RECORDED DATA:
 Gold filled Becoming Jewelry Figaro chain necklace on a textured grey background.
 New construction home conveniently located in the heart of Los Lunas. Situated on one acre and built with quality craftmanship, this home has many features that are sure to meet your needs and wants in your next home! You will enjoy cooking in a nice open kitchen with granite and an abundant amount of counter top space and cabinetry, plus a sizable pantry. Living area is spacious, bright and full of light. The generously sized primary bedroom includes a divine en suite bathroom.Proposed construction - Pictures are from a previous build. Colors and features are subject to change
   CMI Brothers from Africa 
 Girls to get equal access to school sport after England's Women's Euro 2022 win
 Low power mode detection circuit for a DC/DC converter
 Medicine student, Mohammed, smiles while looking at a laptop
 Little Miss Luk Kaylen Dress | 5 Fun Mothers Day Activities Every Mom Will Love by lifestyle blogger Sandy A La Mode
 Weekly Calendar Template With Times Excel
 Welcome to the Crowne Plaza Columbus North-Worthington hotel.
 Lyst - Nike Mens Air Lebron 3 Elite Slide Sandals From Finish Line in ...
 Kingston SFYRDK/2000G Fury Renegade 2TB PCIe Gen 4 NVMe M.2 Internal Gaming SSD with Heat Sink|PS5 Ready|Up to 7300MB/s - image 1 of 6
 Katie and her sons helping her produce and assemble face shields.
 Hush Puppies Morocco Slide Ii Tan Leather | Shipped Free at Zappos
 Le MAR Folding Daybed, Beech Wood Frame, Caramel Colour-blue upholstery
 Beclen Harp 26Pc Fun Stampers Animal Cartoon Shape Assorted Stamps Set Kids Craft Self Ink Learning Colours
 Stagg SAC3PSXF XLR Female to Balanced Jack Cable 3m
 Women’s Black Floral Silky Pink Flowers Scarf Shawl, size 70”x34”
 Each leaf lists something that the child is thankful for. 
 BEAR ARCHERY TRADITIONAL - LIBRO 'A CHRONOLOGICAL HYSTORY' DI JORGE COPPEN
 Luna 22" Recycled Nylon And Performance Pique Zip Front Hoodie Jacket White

EXERCISE DETAILS: Would you return all of the material exactly as written?

WRITTEN ANSWER:
 Gold filled Becoming Jewelry Figaro chain necklace on a textured grey background.
 New construction home conveniently located in the heart of Los Lunas. Situated on one acre and built with quality craftmanship, this home has many features that are sure to meet your needs and wants in your next home! You will enjoy cooking in a nice open kitchen with granite and an abundant amount of counter top space and cabinetry, plus a sizable pantry. Living area is spacious, bright and full of light. The generously sized primary bedroom includes a divine en suite bathroom.Proposed construction - Pictures are from a previous build. Colors and features are subject to change
   CMI Brothers from Africa 
 Girls to get equal access to school sport after England's Women's Euro 2022 win
 Low power mode detection circuit for a DC/DC converter
 Medicine student, Mohammed, smiles while looking at a laptop
 Little Miss Luk Kaylen Dress | 5 Fun Mothers Day Activities Every Mom Will Love by lifestyle blogger Sandy A La Mode
 Weekly Calendar Template With Times Excel
 Welcome to the Crowne Plaza Columbus North-Worthington hotel.
 Lyst - Nike Mens Air Lebron 3 Elite Slide Sandals From Finish Line in ...
 Kingston SFYRDK/2000G Fury Renegade 2TB PCIe Gen 4 NVMe M.2 Internal Gaming SSD with Heat Sink|PS5 Ready|Up to 7300MB/s - image 1 of 6
 Katie and her sons helping her produce and assemble face shields.
 Hush Puppies Morocco Slide Ii Tan Leather | Shipped Free at Zappos
 Le MAR Folding Daybed, Beech Wood Frame, Caramel Colour-blue upholstery
 Beclen Harp 26Pc Fun Stampers Animal Cartoon Shape Assorted Stamps Set Kids Craft Self Ink Learning Colours
 Stagg SAC3PSXF XLR Female to Balanced Jack Cable 3m
 Women’s Black Floral Silky Pink Flowers Scarf Shawl, size 70”x34”
 Each leaf lists something that the child is thankful for. 
 BEAR ARCHERY TRADITIONAL - LIBRO 'A CHRONOLOGICAL HYSTORY' DI JORGE COPPEN
 Luna 22" Recycled Nylon And Performance Pique Zip Front Hoodie Jacket White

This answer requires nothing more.